As a data science student when I am thinking about big data definitely Hadoop, MapReduce and spark come to my mind, but how they work?
The basic idea of this architecture is that the entire storing and processing are done in two steps and in two ways. The first step is processing which is done by Map reduce programming and the second-way step is of storing the data which is done on HDFS. It has a master-slave architecture for storage and data processing. The master node for data storage in Hadoop is the name node. There is also a master node that does the work of monitoring and parallels data processing by making use of Hadoop Map Reduce. The slaves are other machines in the Hadoop cluster which help in storing data and also perform complex computations. Each slave node has been assigned with a task tracker and a data node has a job tracker which helps in running the processes and synchronizing them effectively. This type of system can be set up either on the cloud or on-premise. The Name node is a single point of failure when it is not running on high availability mode. The Hadoop architecture also has provisions for maintaining a stand by Name node in order to safeguard the system from failures. Previously there were secondary name nodes that acted as a backup when the primary name node was down.
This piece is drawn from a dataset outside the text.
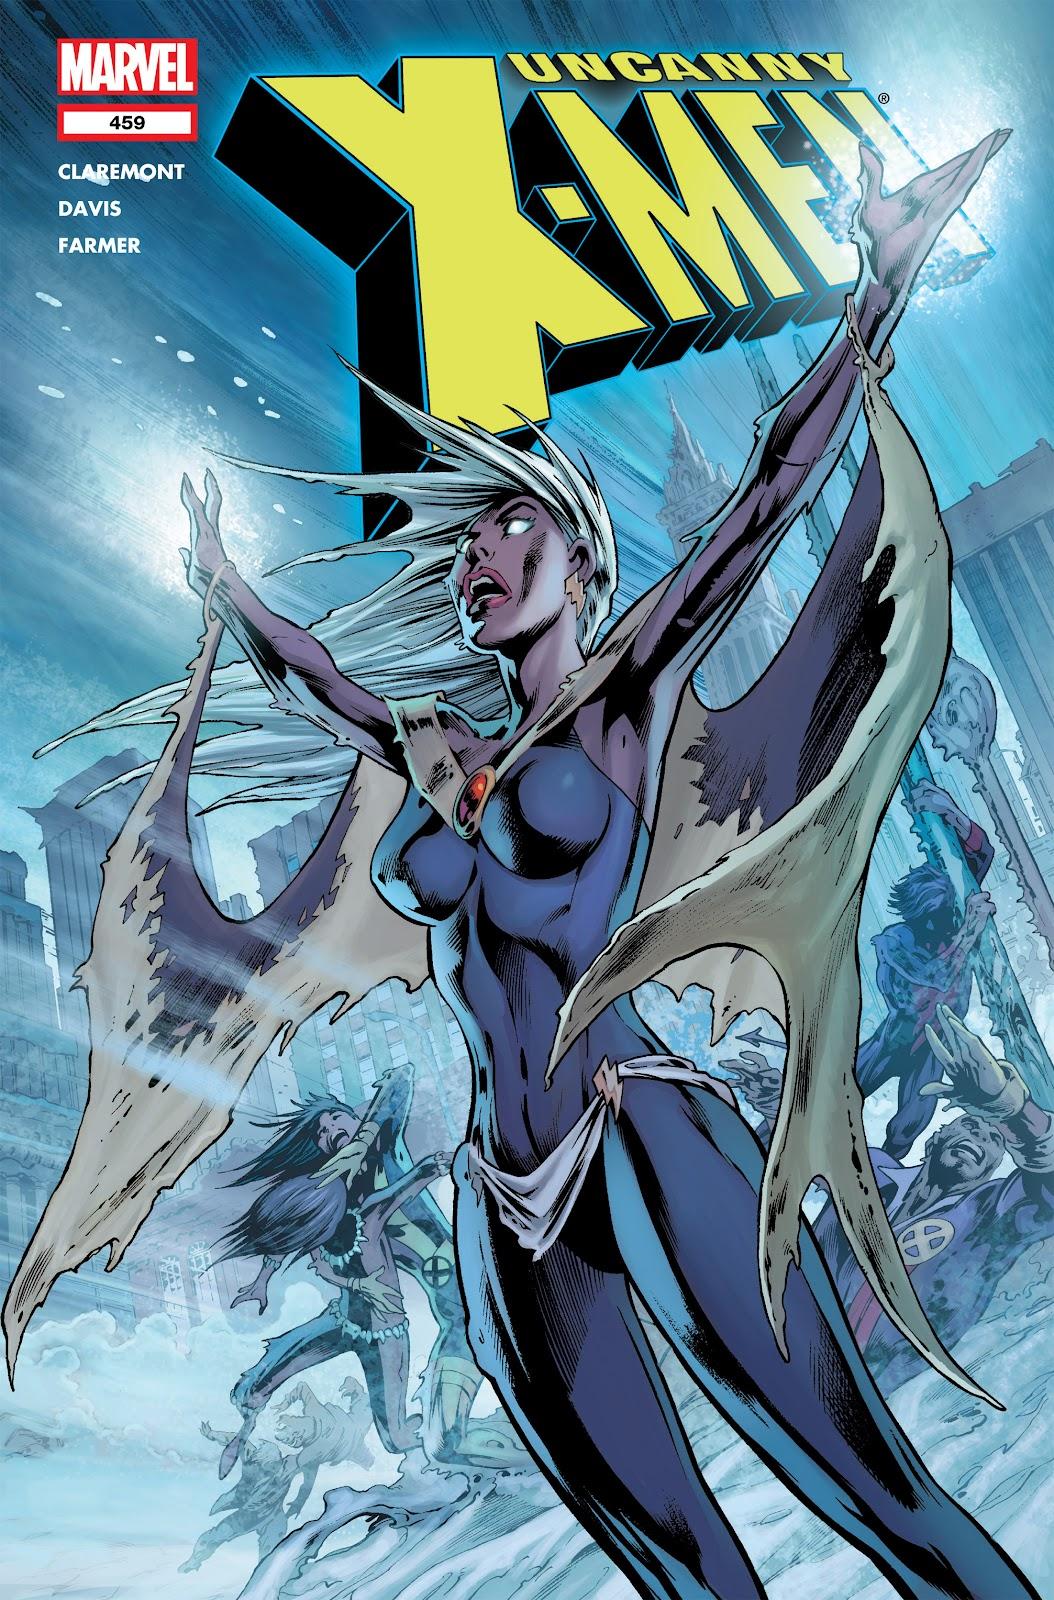 Uncanny X-Men (1963) issue 459 - Page 1

Hadoop MapReduce is a programming technique where a huge amount of data is processed and distributed. One of the best example is Google MapReduce. This environment provides a programming model that has two parts Map and Reduce. The advantages of MapReduce are saving a lot of time, hide complexity and saving hardware costs. Map-reduce uses data in parallel rather than serial.
Users specify the computation in terms of a map (that specify the per-record computation) and a reduction (that specify result aggregation) functions, which meet a few simple requirements. For example, in order to support these, MapReduce requires that the operations performed at the reduce task to be both “associative” and “commutative.” This two-stage processing structure is illustrated in the figure below.
MapReduce simplified flowchart
It is important to remember that spark does not require Hadoop, it simply has support for storage systems implementing the Hadoop APIs. Spark supports text files, sequence files, Avro parquet, and any other Hadoop input format.
What is spark?
Apache Spark is a fast and general-purpose cluster computing system. It provides high-level APIs in Java, Scala, Python and R, and an optimized engine that supports general execution graphs. It also supports a rich set of higher-level tools including Spark SQL for SQL and structured data processing, MLlib for machine learning, GraphX for graph processing, and Spark Streaming.
Unlike most other shells, however, which let you manipulate data using the disk and memory on a single machine, spark’s shells allow you to interact with data that is distributed on disk or in memory across many machines, and spark takes care of automatically distributing this processing.
Databricks is the business version of the Spark. It is easy to cluster creation, have security, scheduling, having notebooks and collaboration. That I use the notebook environment in Databricks and focus on the data frame. Databricks develops a web-based platform for working with Spark, that provides automated cluster management and IPython-style notebooks. In addition to building the Databricks platform, the company is co-organizing massive open online courses about Spark and runs the largest conference about Spark – Spark Summit.
Azure Databricks is an Apache Spark-based analytics platform optimized for the Microsoft Azure cloud services platform. Designed with the founders of Apache Spark, Databricks is integrated with Azure to provide one-click setup, streamlined workflows, and an interactive workspace that enables collaboration between data scientists, data engineers, and business analysts.